Ye Gods! What a commentator is this Ann Alexander whale. What he has to say is short & pithy & very much to the point. I wonder if my evil art has raised this monster.

While Melville had already drawn on his different sailing experiences in his previous novels, such as Mardi, he had never focused specifically on whaling. The eighteen months he spent as an ordinary seaman aboard the whaler Acushnet in 1841-42, and one incident in particular, now served as inspiration. It was during a mid-ocean "gam" (rendezvous at sea between ships) that he met Chase's son William, who lent him his father's book. Melville later wrote:

I questioned him concerning his father's adventure; . . . he went to his chest & handed me a complete copy . . . of the Narrative . This was the first printed account of it I had ever seen. The reading of this wondrous story on the landless sea, and so close to the very latitude of the shipwreck, had a surprising effect upon me.

The book was out of print, and rare. Knowing that Melville was looking for it, his father-in-law, Lemuel Shaw, managed to find a copy and buy it for him. When Melville received it, he fell to it almost immediately, heavily annotating it.

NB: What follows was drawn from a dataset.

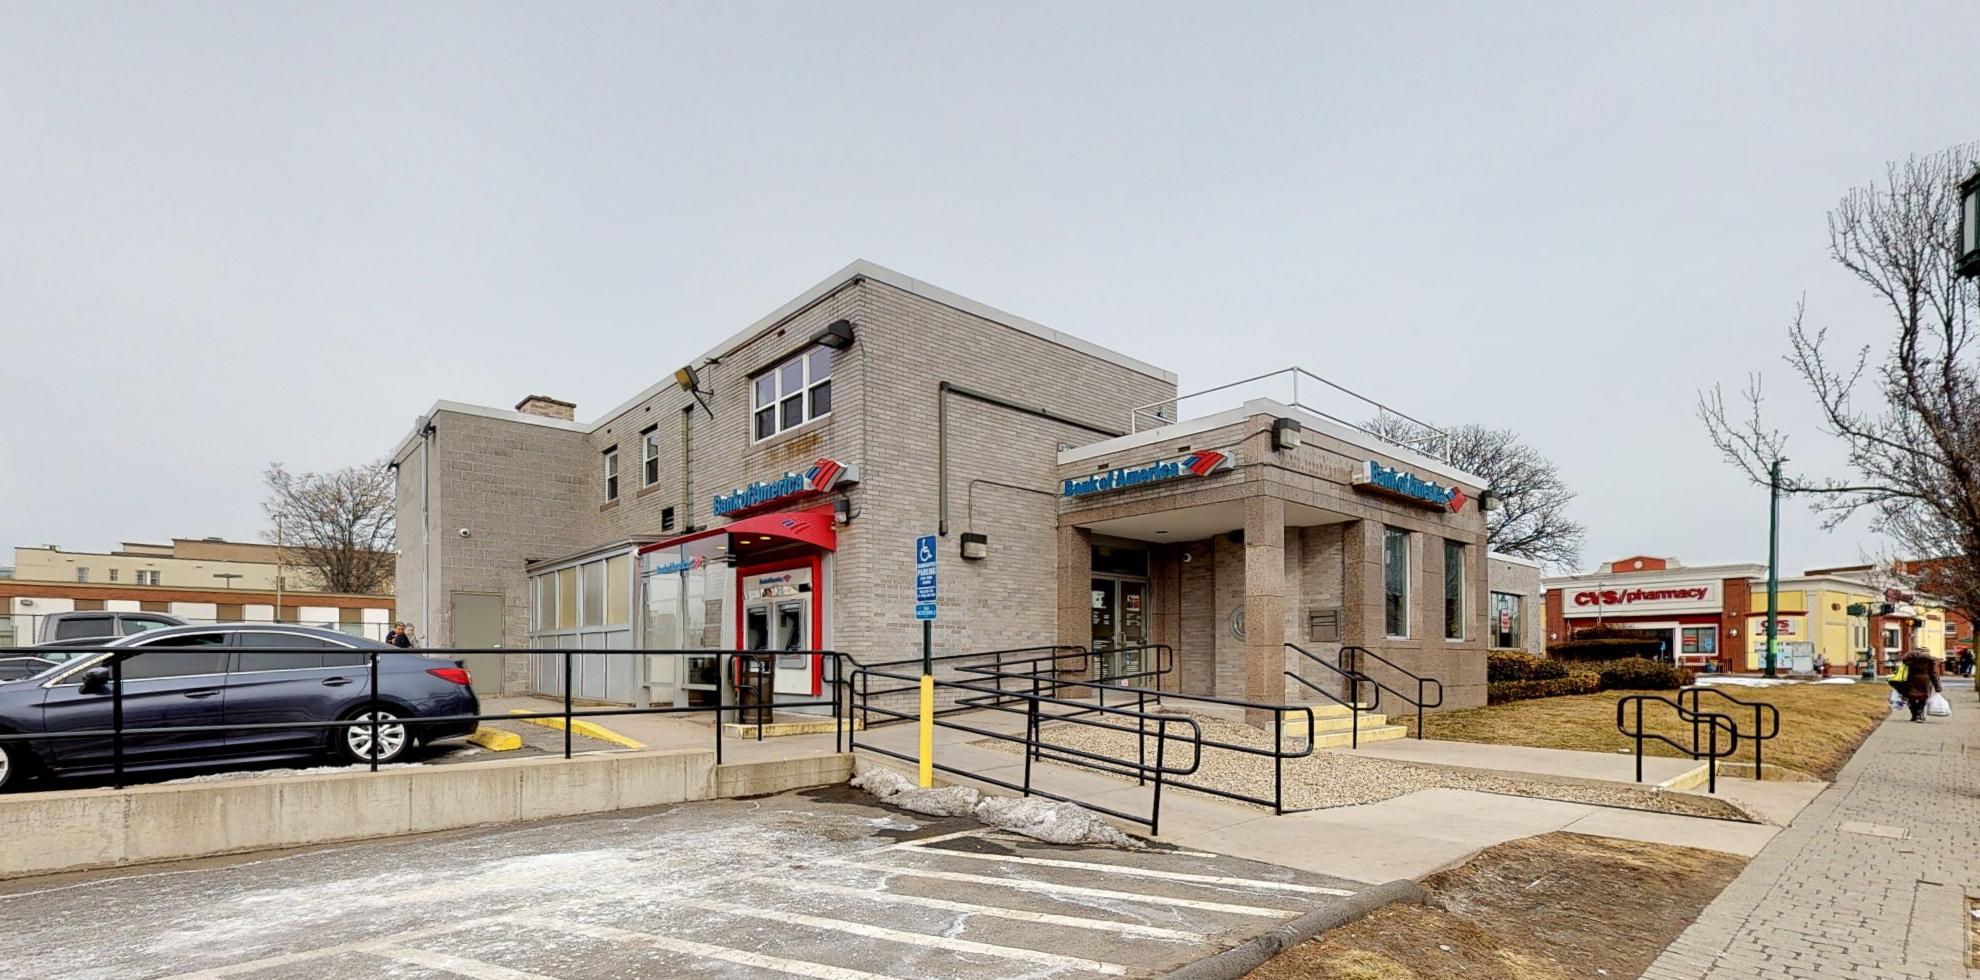 Bank of America financial center with drive-thru ATM | 147 Washington St, Hartford, CT 06106

Moby-Dick contains large sections—most of them narrated by Ishmael—that seemingly have nothing to do with the plot but describe aspects of the whaling business. Although there had been a successful earlier novel about Nantucket whalers, Miriam Coffin or The Whale-Fisherman (1835) by Joseph C. Hart., which is credited with influencing elements of Melville's work, most accounts of whaling tended to be sensational tales of bloody mutiny, and Melville believed that no book up to that time had portrayed the whaling industry in as fascinating or immediate a way as he had experienced it. Early Romantics also proposed that fiction was the exemplary way to describe and record history, so Melville wanted to craft something educational and definitive. Despite his own interest in the subject, Melville struggled with composition, writing to Richard Henry Dana, Jr. on May 1, 1850:

I am half way in the work ... It will be a strange sort of book, tho', I fear; blubber is blubber you know; tho' you might get oil out of it, the poetry runs as hard as sap from a frozen maple tree; — and to cook the thing up, one must needs throw in a little fancy, which from the nature of the thing, must be ungainly as the gambols of the whales themselves. Yet I mean to give the truth of the thing, spite of this.

There are scholarly theories that purport a literary legend of two Moby-Dick tales, one being a whaling tale as was Melville's experience and affinity, and another deeper tale, inspired by his literary friendship with and respect for Nathaniel Hawthorne. These merged into the latter, the morality tale. Hawthorne and his family had moved to a small red farmhouse near Lenox, Massachusetts, at the end of March 1850. He became friends with Oliver Wendell Holmes, Sr. and Herman Melville beginning on August 5, 1850, when the authors met at a picnic hosted by a mutual friend. Melville had just read Hawthorne's short story collection Mosses from an Old Manse, and his unsigned review of the collection, titled "Hawthorne and His Mosses", was printed in the The Literary World on August 17 and 24. Melville wrote that these stories revealed a dark side to Hawthorne, "shrouded in blackness, ten times black"., and dedicated Moby-Dick to him:

In token of my admiration for his genius, this book is inscribed to Nathaniel Hawthorne.